= Work to complete =
Please write out the whole listing that follows exactly; the pictures stay out.

= Input data =
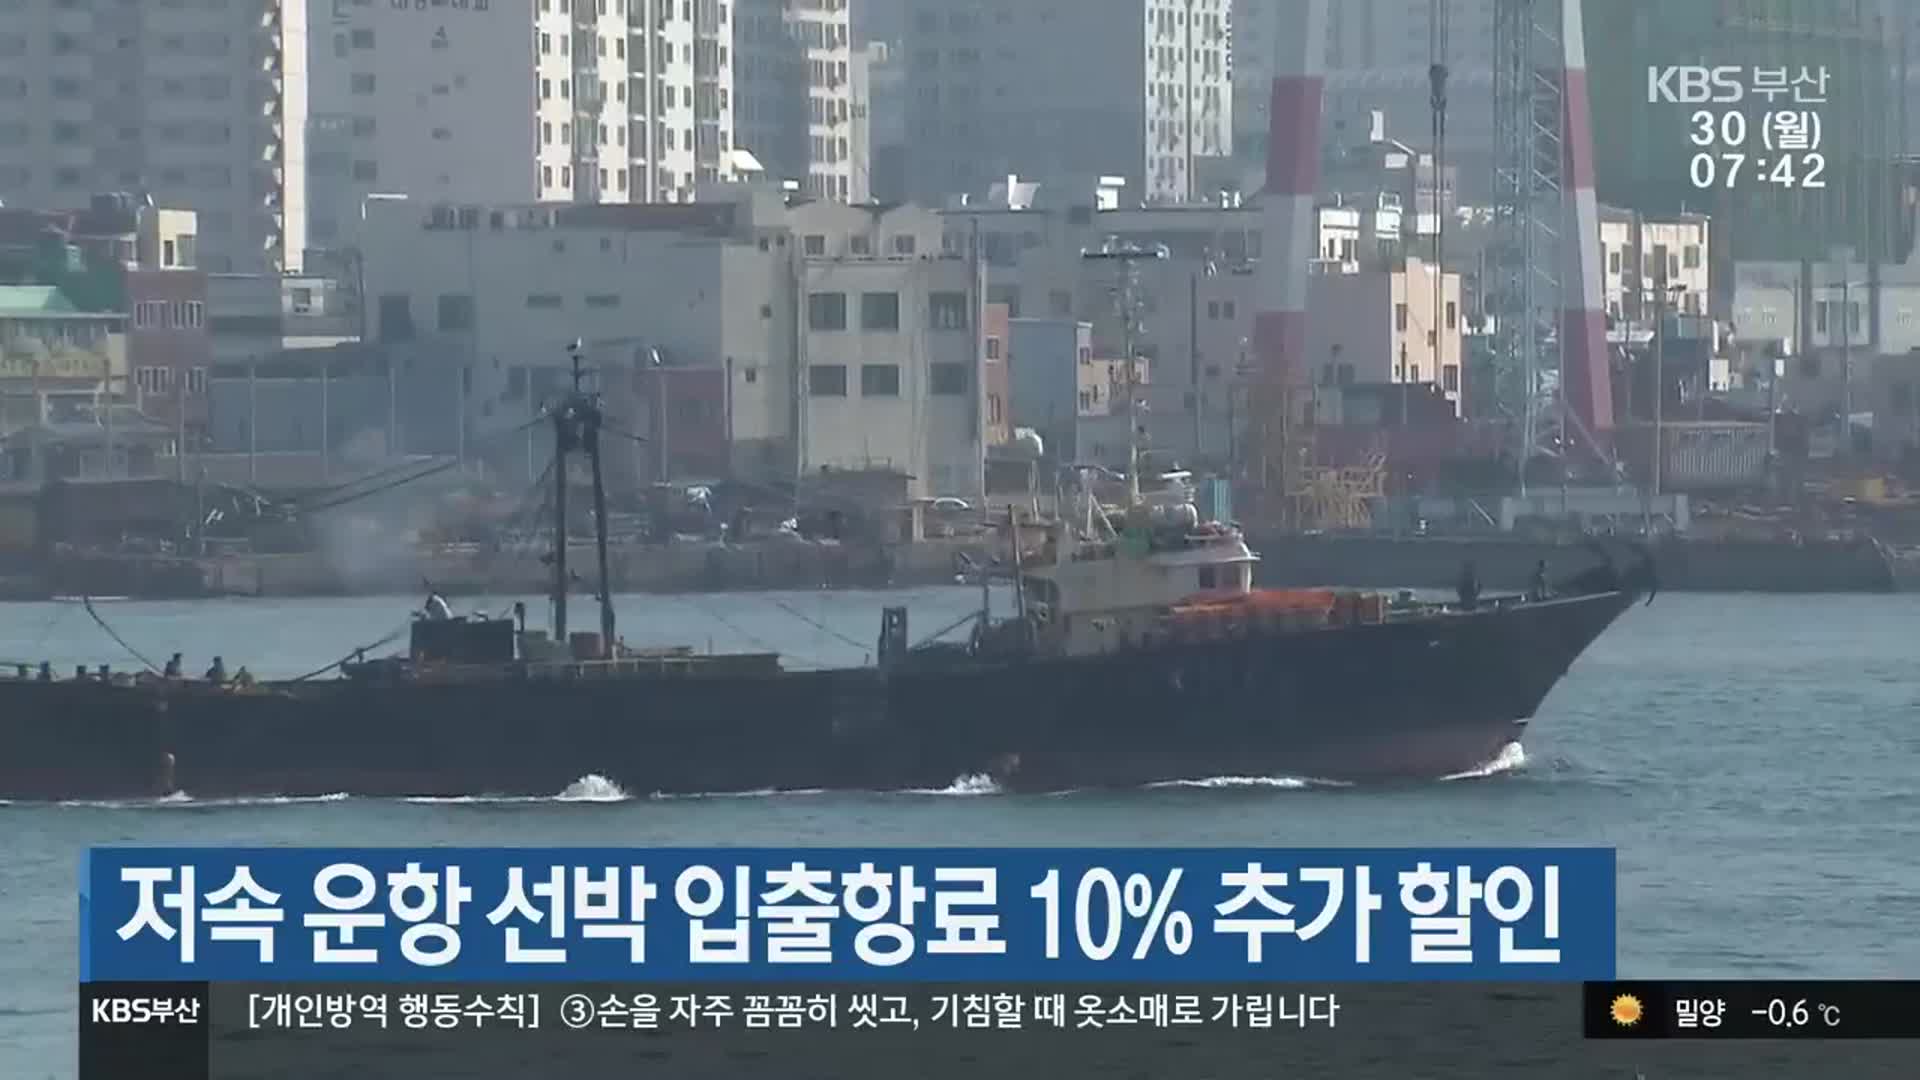 저속 운항 선박 입출항료 10% 추가 할인
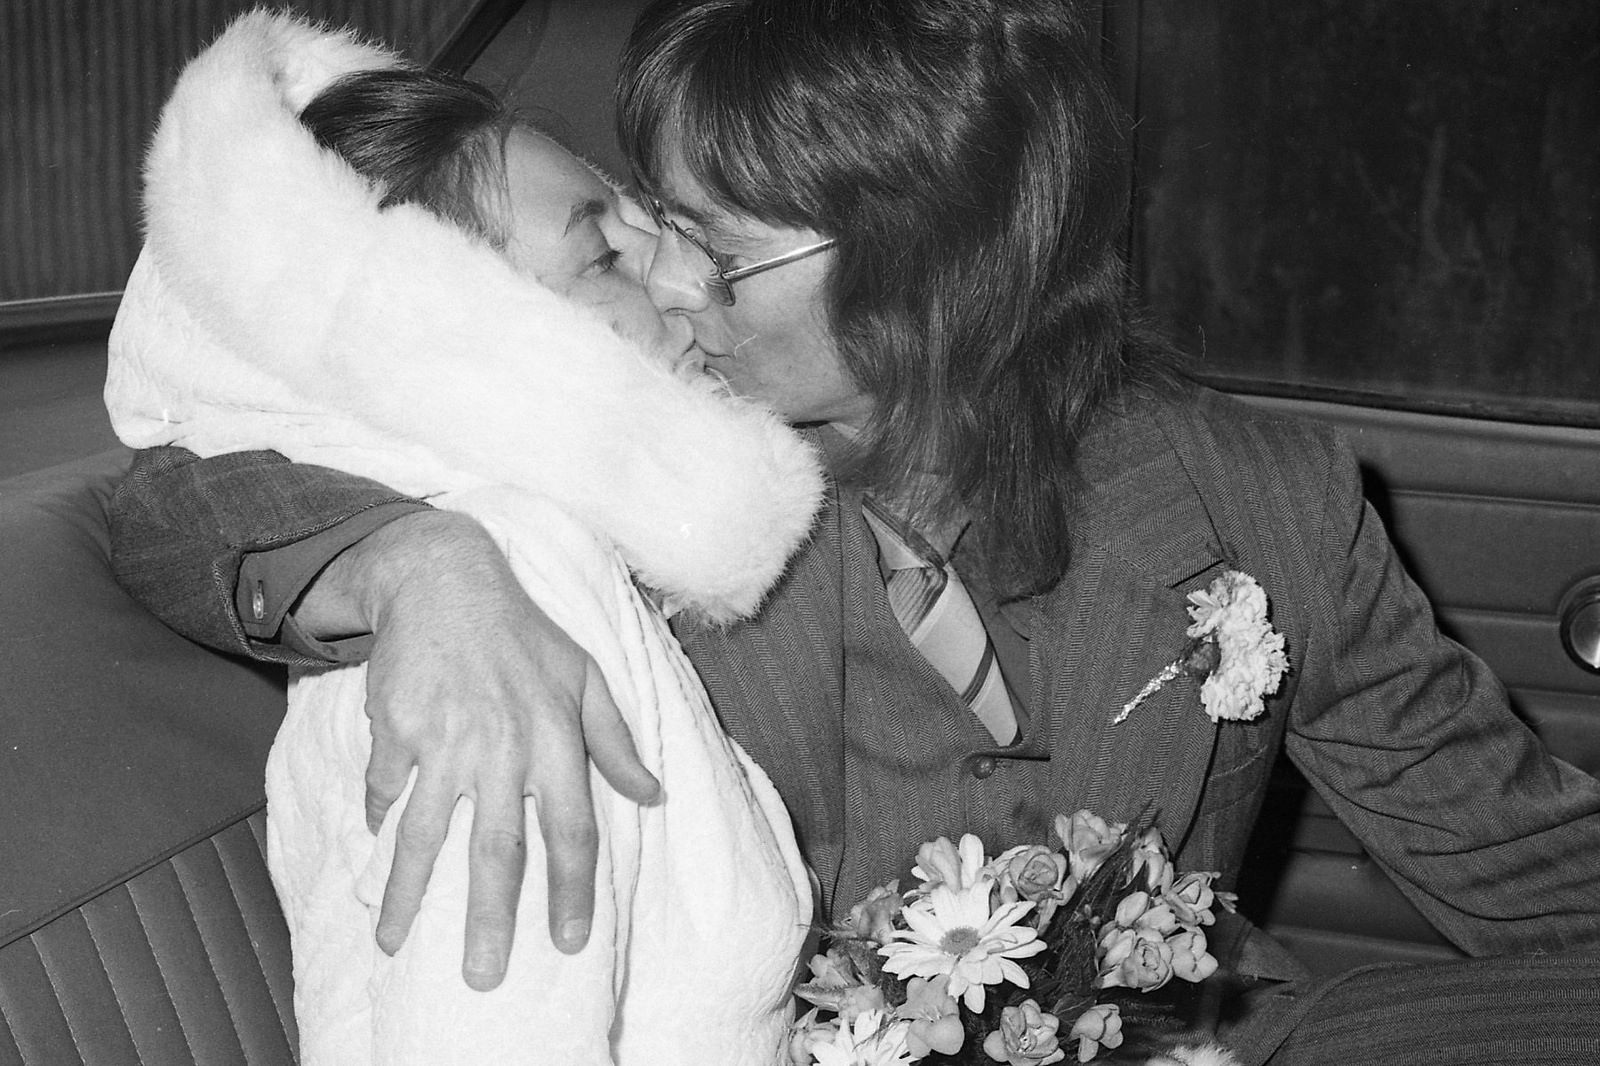 wedding1972eastleighthampshireukweddingsnapshots
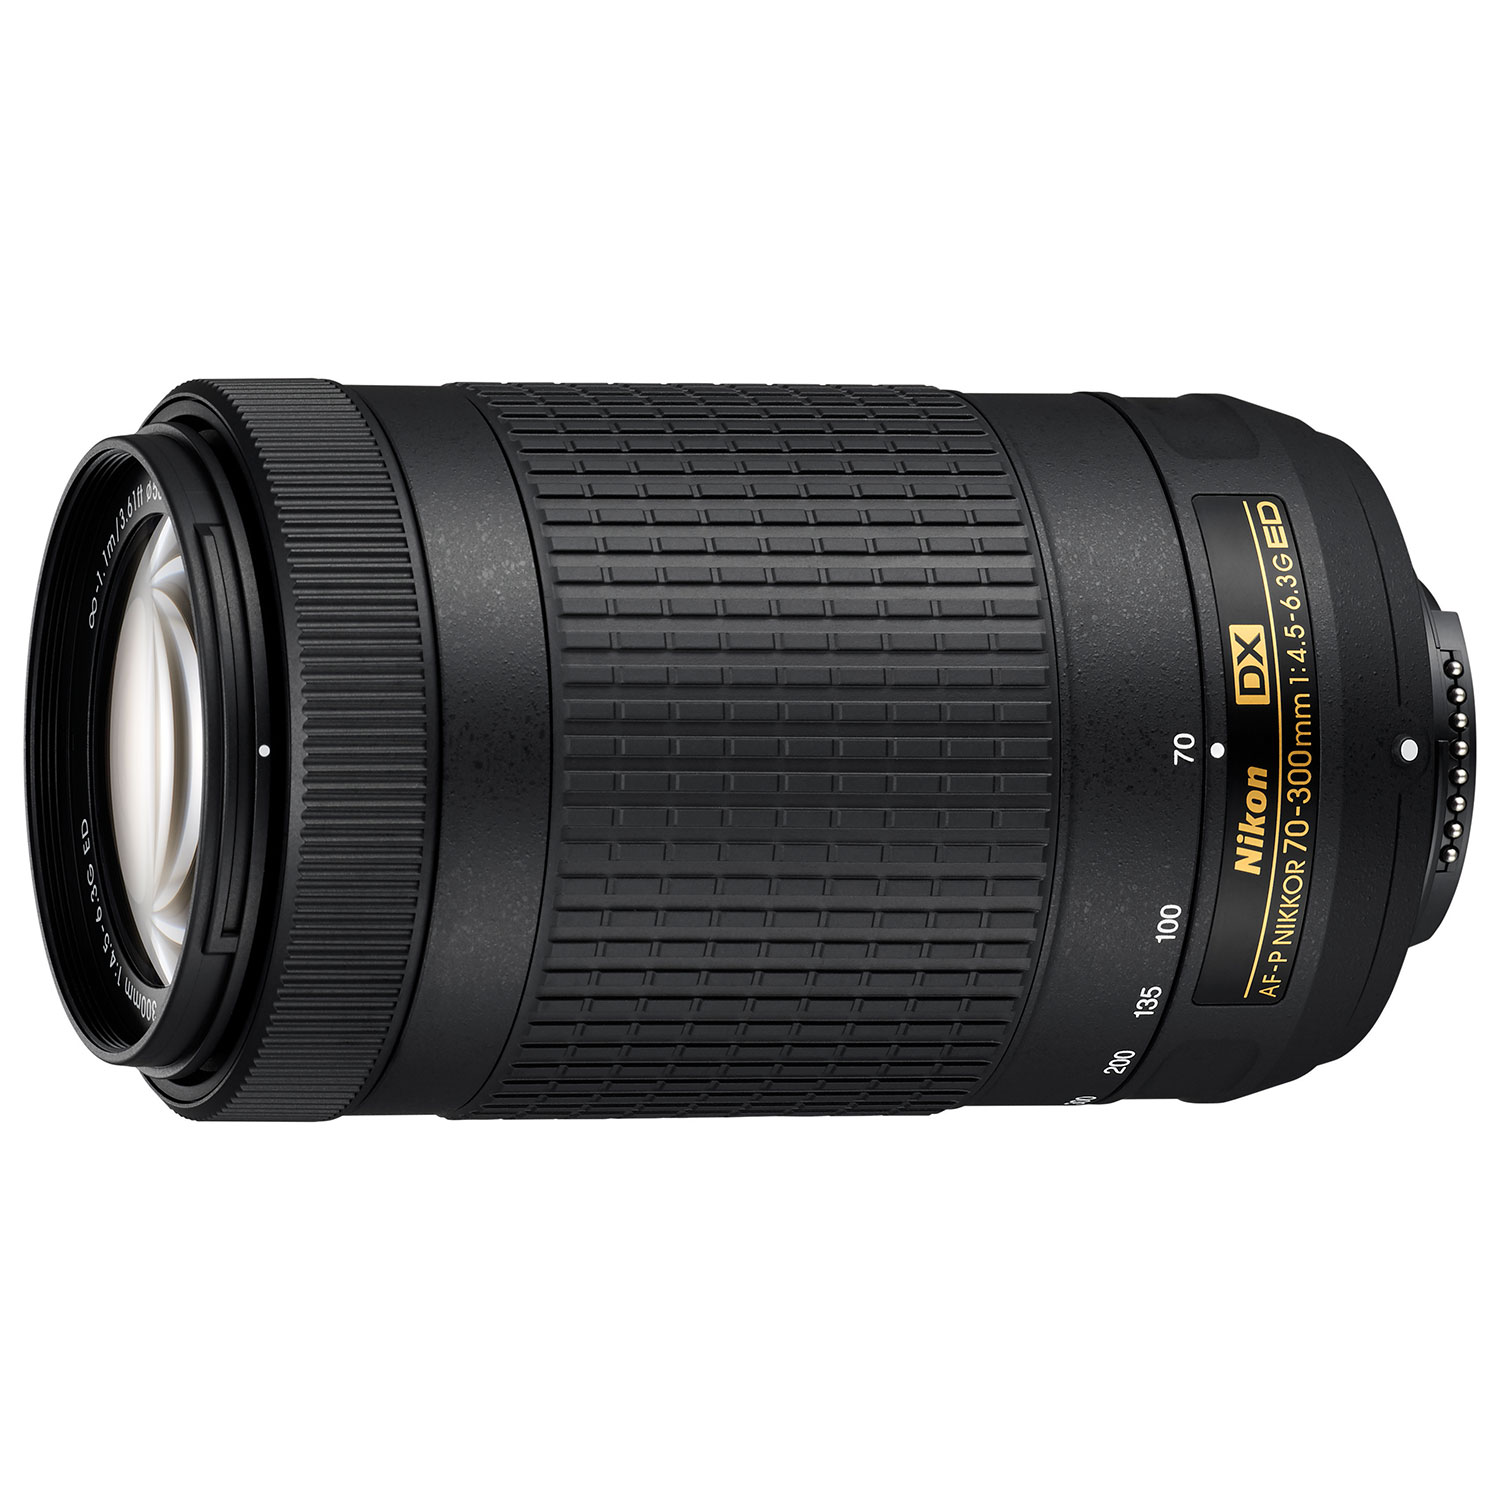 Nikon NIKKOR 70-300mm f/4.5-6.3G ED AF-P DX Lens

= Completed task =
 저속 운항 선박 입출항료 10% 추가 할인
 wedding1972eastleighthampshireukweddingsnapshots
 Nikon NIKKOR 70-300mm f/4.5-6.3G ED AF-P DX Lens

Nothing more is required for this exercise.